Feshbach spectroscopy and dual-species Bose-Einstein condensation of $^{23}$Na - $^{39}$K mixtures

Ultracold polar ground state molecules are a powerful tool for the investigation of a wide range of physical phenomena as quantum chemical processes or exotic dipolar quantum phases. One way to prepare ultracold ground state molecules is based on a two-photon coherent Raman transfer starting from ultracold weakly-bound Feshbach molecules. Here, we report on magnetic Feshbach resonance loss spectroscopy in all possible combinations of hyperfine sub-levels with an ultracold atomic mixture of $^{23}$Na and $^{39}$K. We use our results to refine potential energy curves for bosonic NaK molecules.
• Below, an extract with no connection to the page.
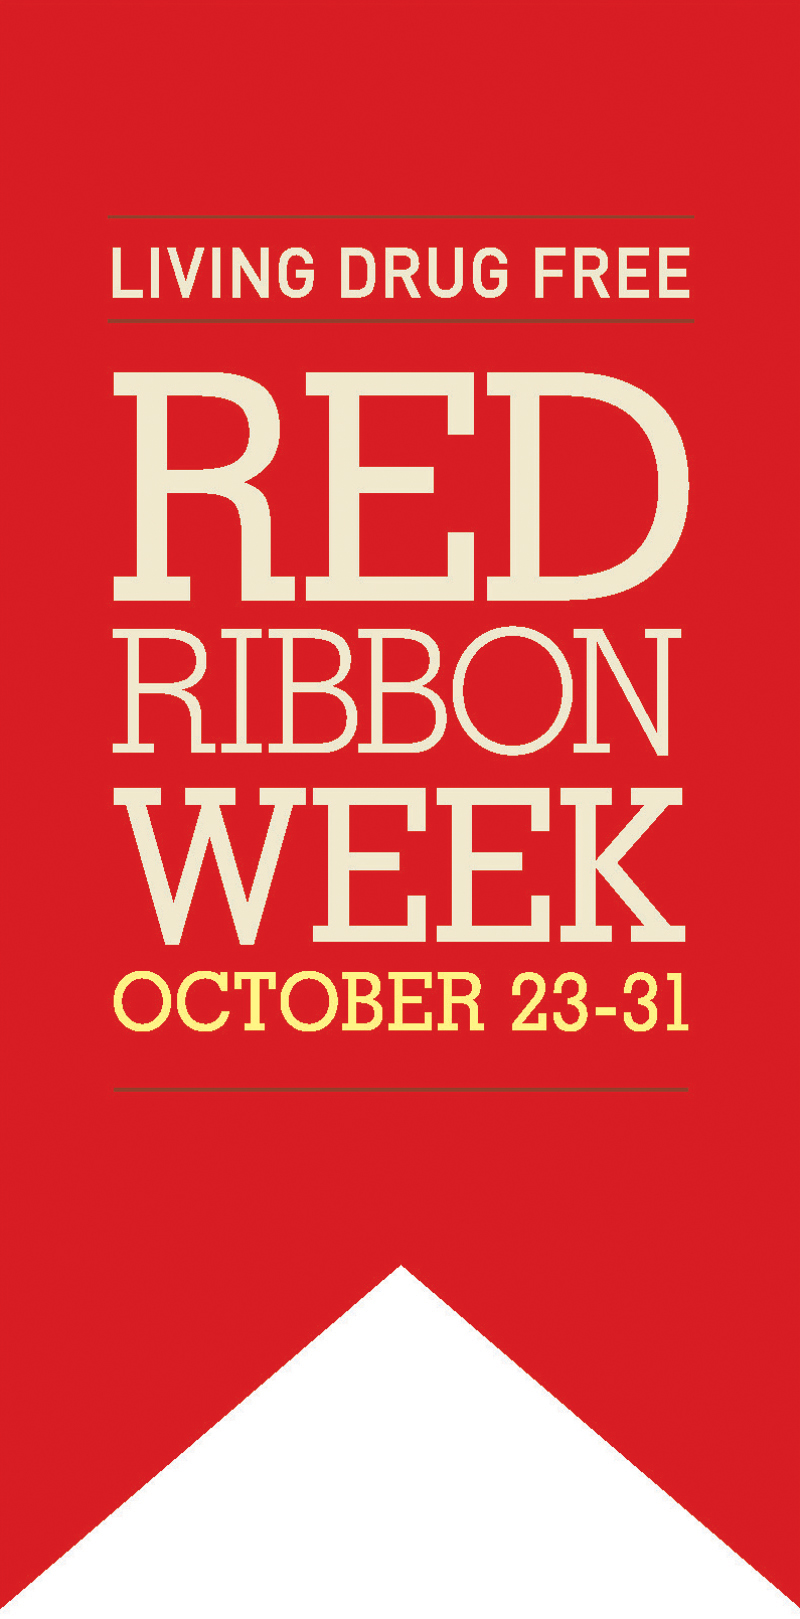 Bộ công cụ Tuần Lễ Red Ribbon là một tài nguyên vô cùng hữu ích để hỗ trợ các hoạt động và sự kiện trong tuần lễ này. Với các công cụ chuyên nghiệp và tiện lợi, bạn sẽ có thể tổ chức một sự kiện tuyệt vời và ý nghĩa cho cộng đồng của mình.
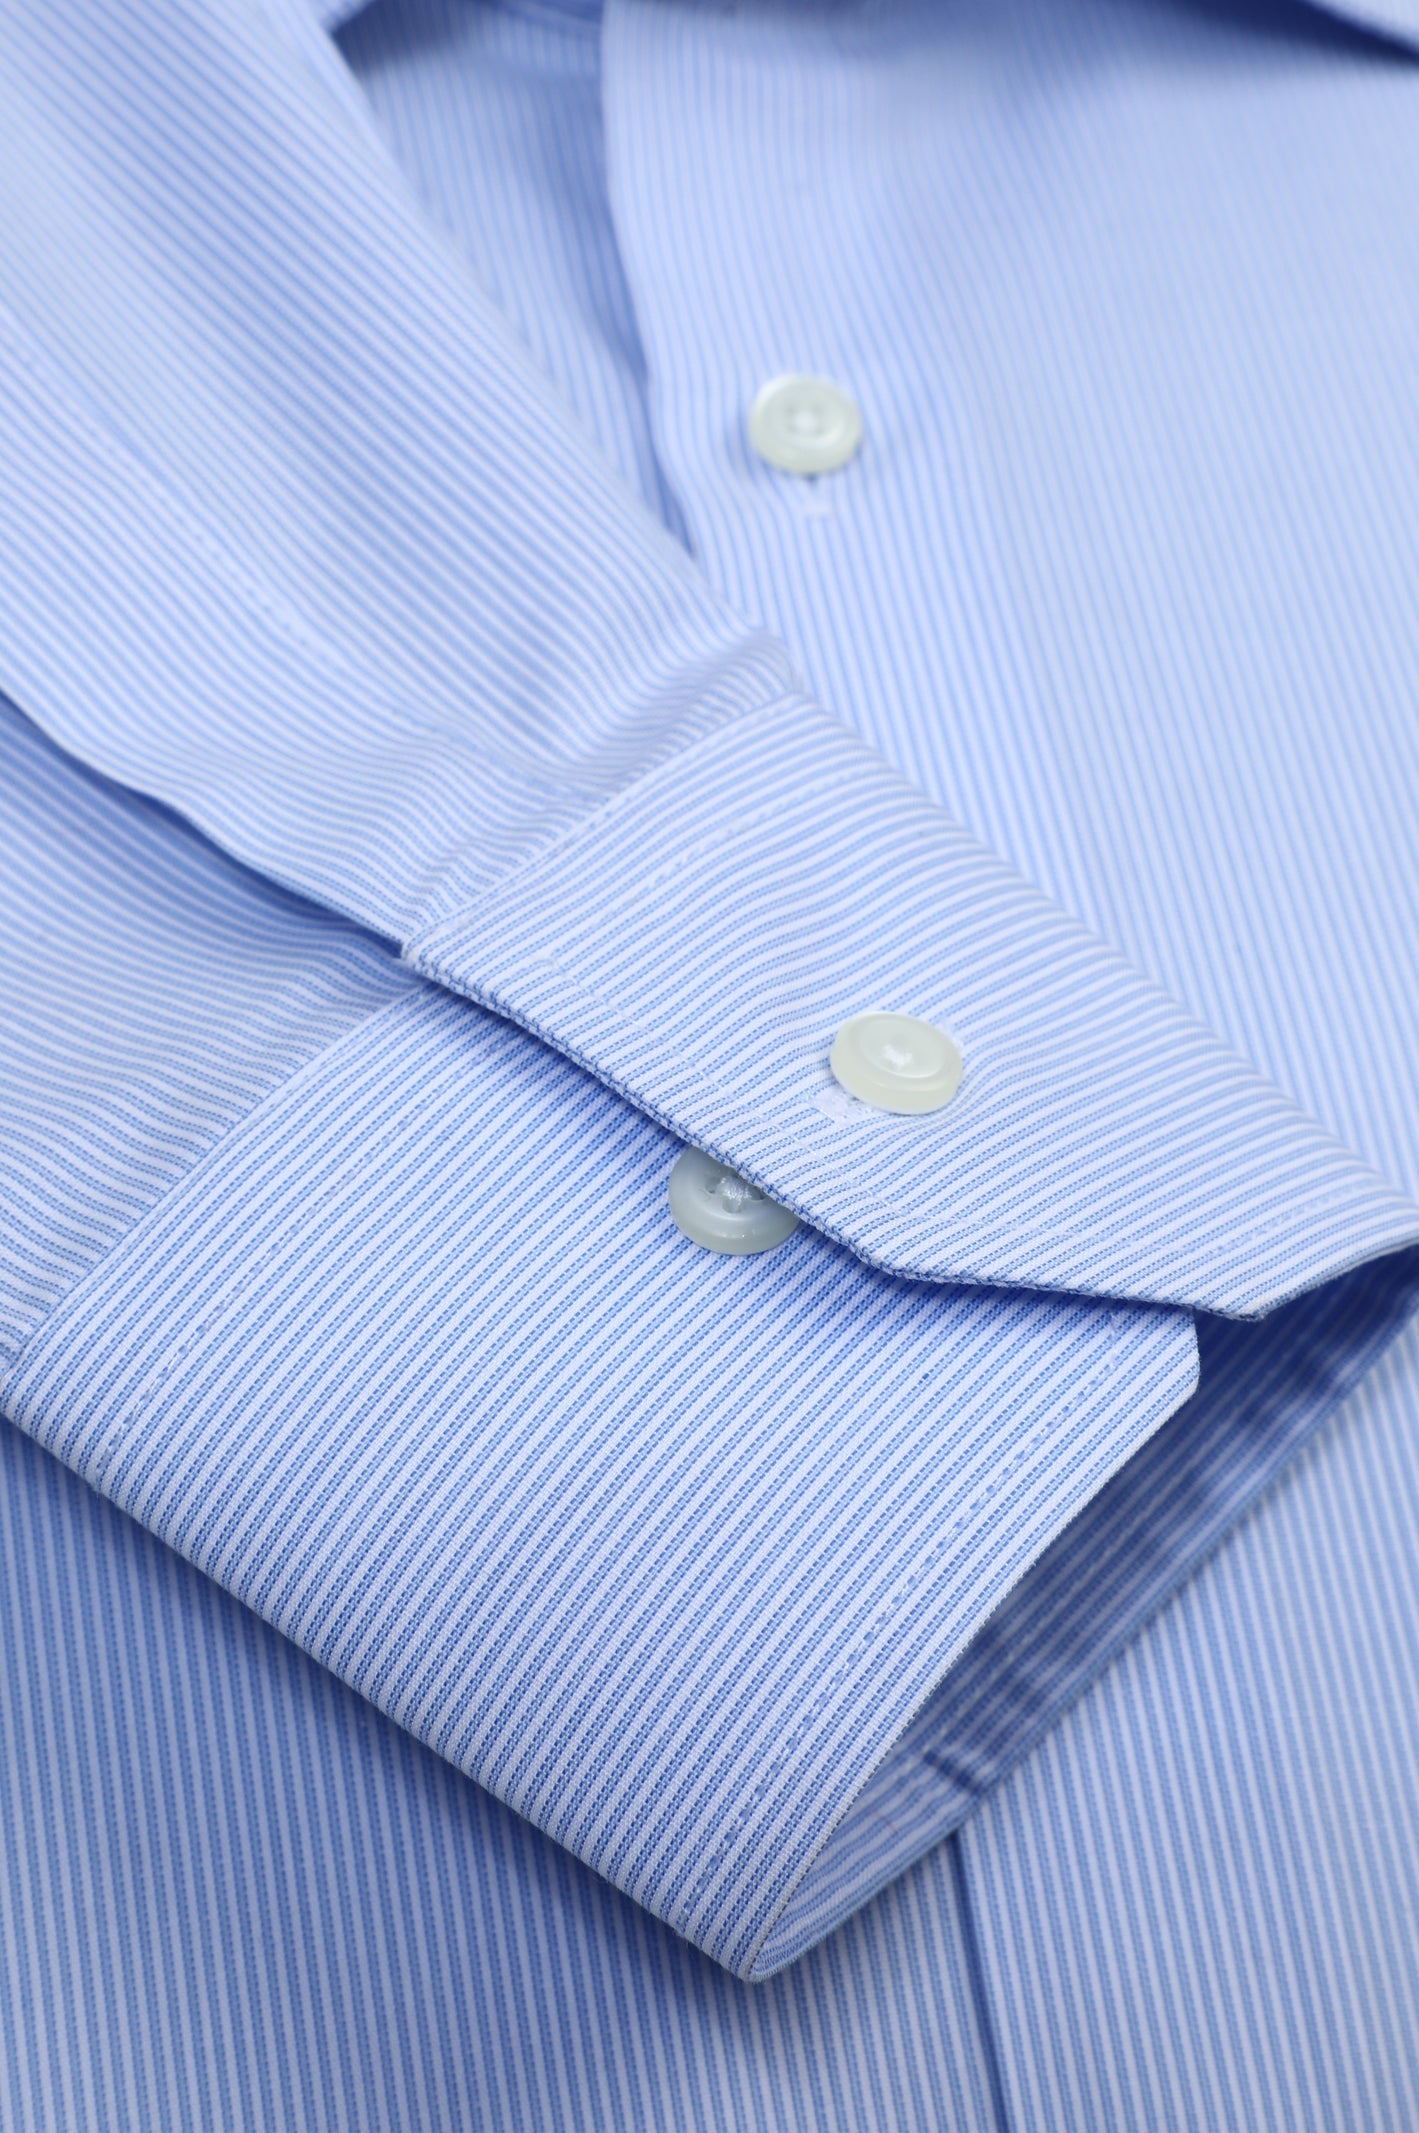 Formal Men Shirt SKU: AD27077-L-BLUE - Diners

Further, we identify and discuss the suitability of different magnetic field regions for the purposes of sympathetic cooling of $^{39}$K in a bath of $^{23}$Na atoms. We use our findings for the demonstration of dual-species degeneracy in the $^{23}$Na $^{39}$K mixture. The two condensates are created simultaneously by evaporation at a magnetic field of about 150$\,$G, which provides sizable intra- and interspecies scattering rates needed for fast thermalization. Finally, we discuss the pathway for the production of Feshbach molecules as well as the two-photon Raman transfer to the rovibronic ground state.